My problem is that I can't seem to wrangle these fine-tunes into working right for me. I use Oobabooga (text-gen-ui), and always try to choose the correct instruction template either specified on the card or on TheBloke's page, but the models never seem to be happy with the result, and either get confused very easily or output odd gibberish from time to time.
For both Yi models, I am using the newest ggufs that TheBloke put out... yesterday? Give or take. But I've tried the past 2-3 different ggufs for the same model he's updated with when they came out.
The best luck I've had with the new Yi models was doing just plain chat mode with my AI Assistant's character prompt as the only thing being sent in, but even then both Yi fine-tunes that I tried eventually broke down after a few thousand context.

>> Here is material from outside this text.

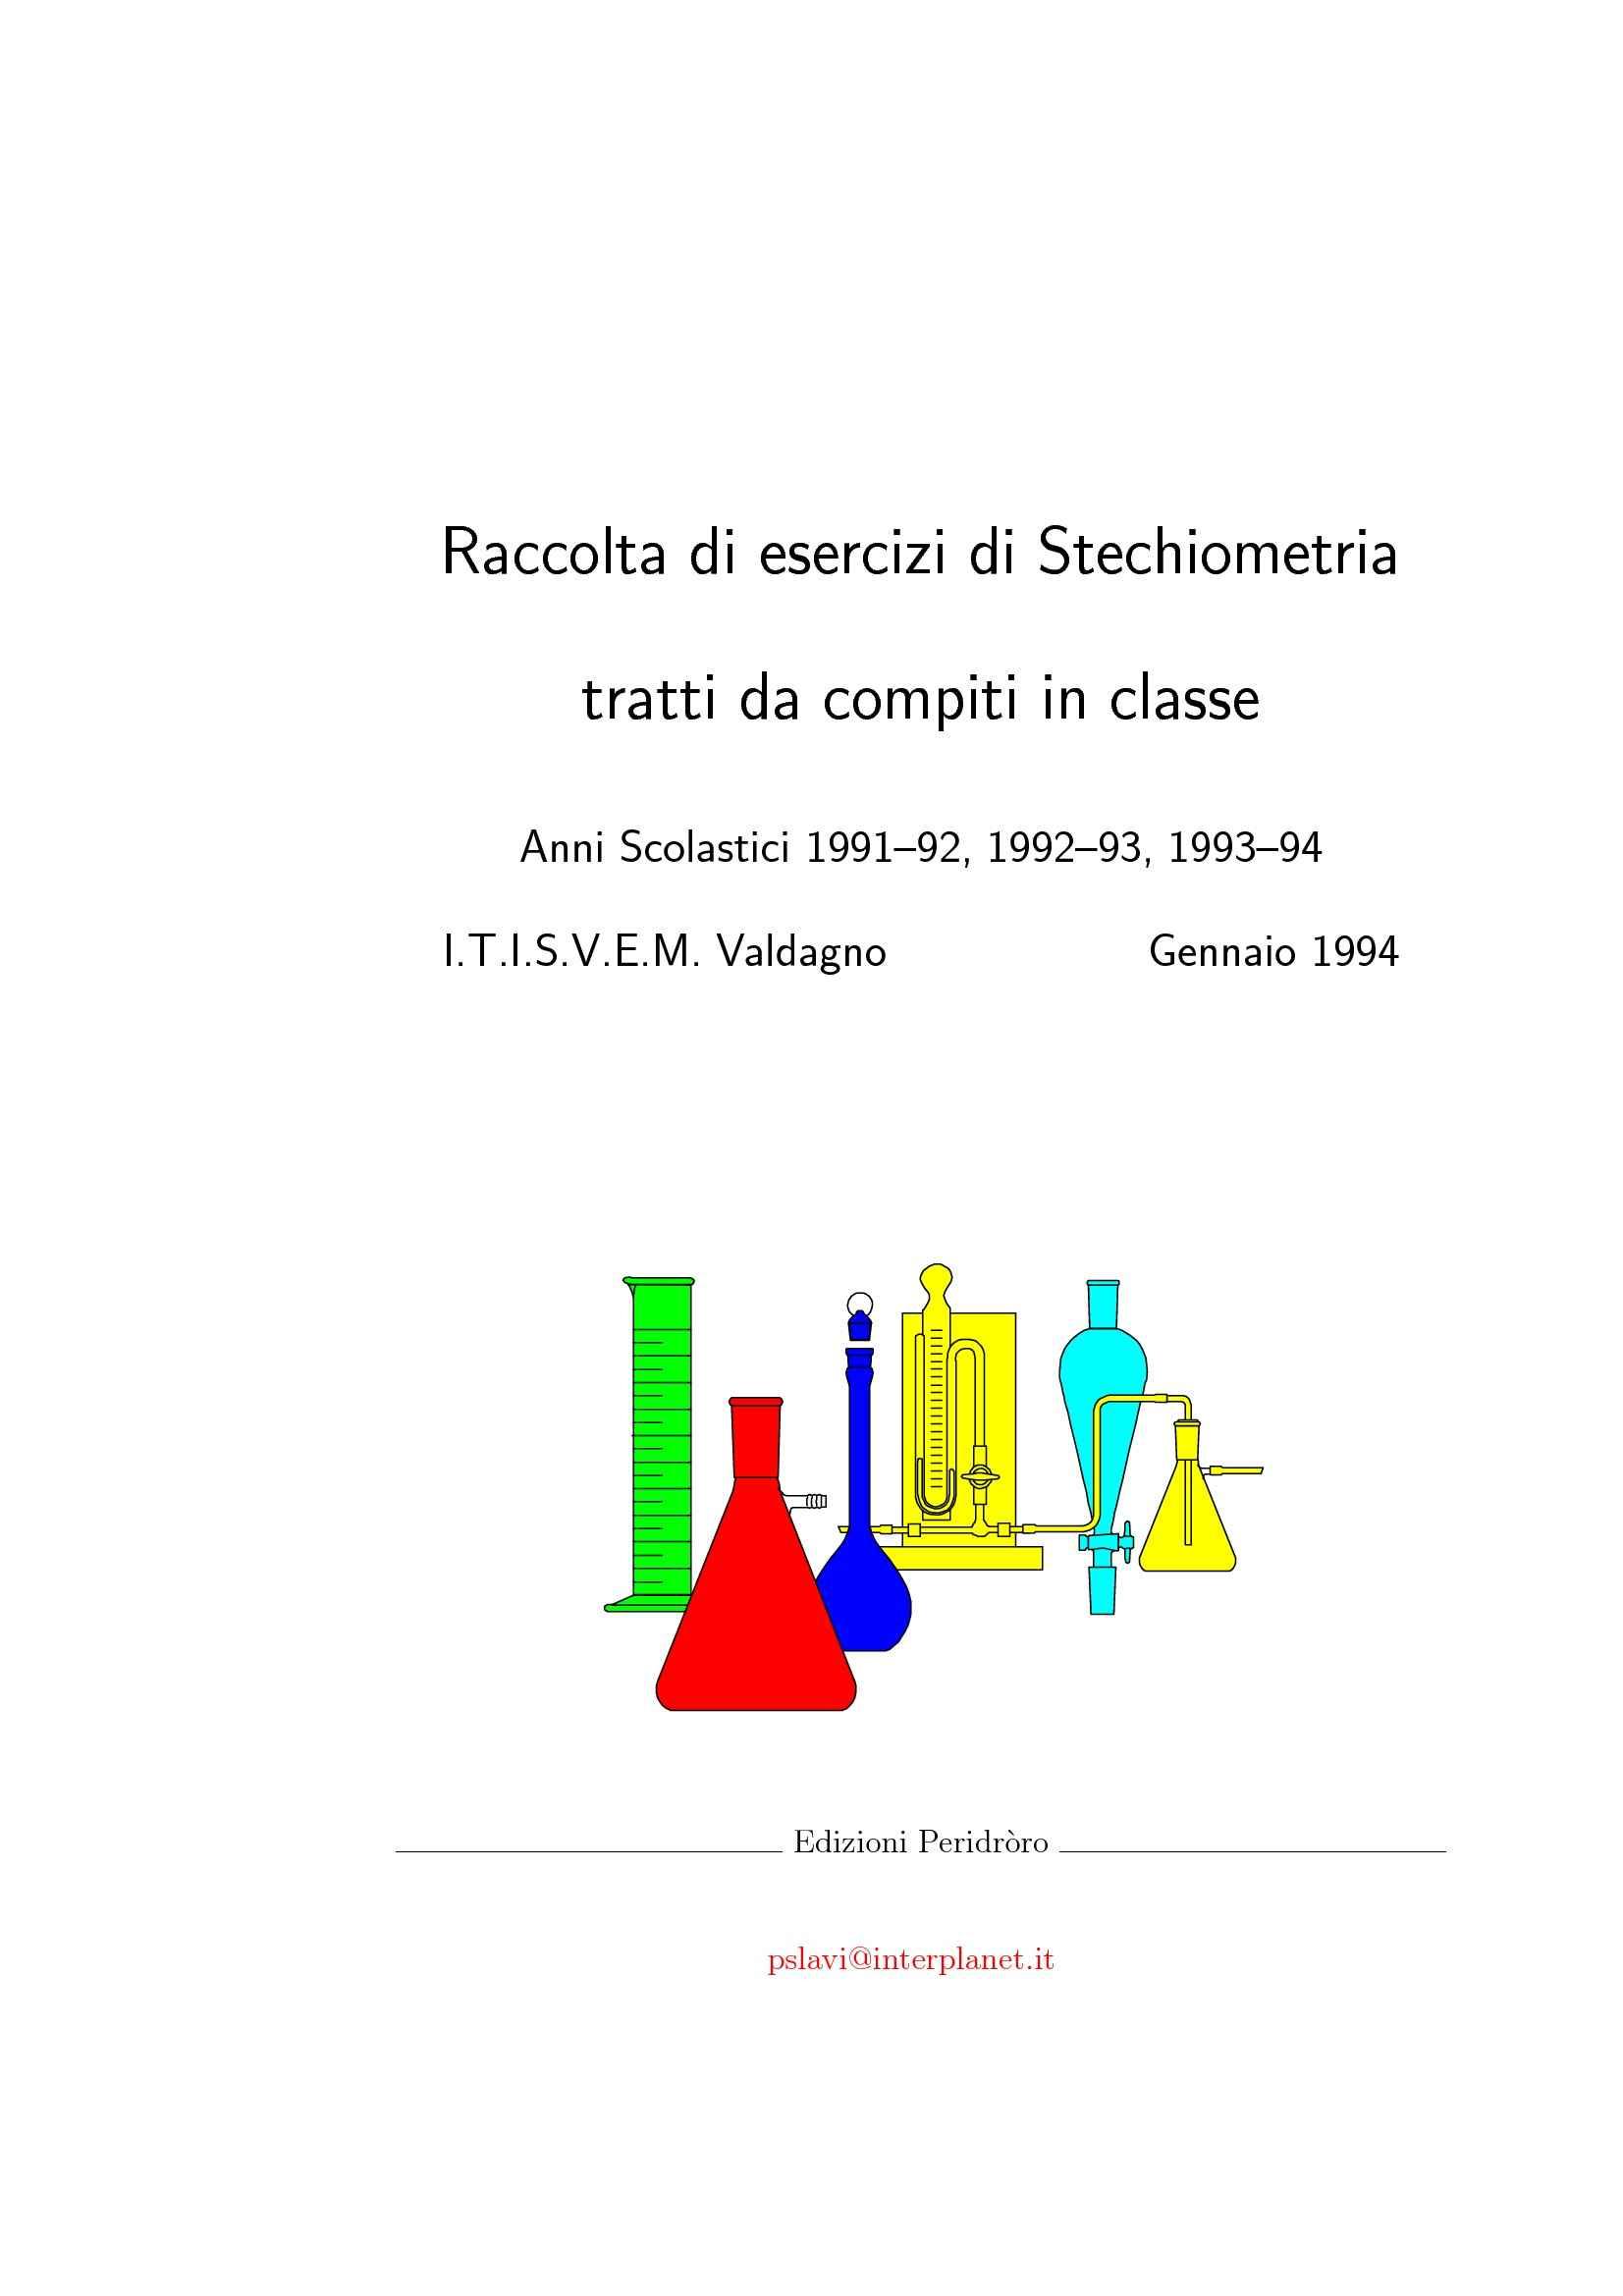 Stechiometria, calcolo Ph, soluzioni tampone

For example, after a bit of chattering with the models I tried a very simple little test on both: "Please write me two paragraphs. The content of the paragraphs is irrelevant, just please write two separate paragraphs about anything at all." I did that because previous versions of these two struggled to make a new line, so I just wanted to see what would happen. This absolutely confused the models, and the results were wild.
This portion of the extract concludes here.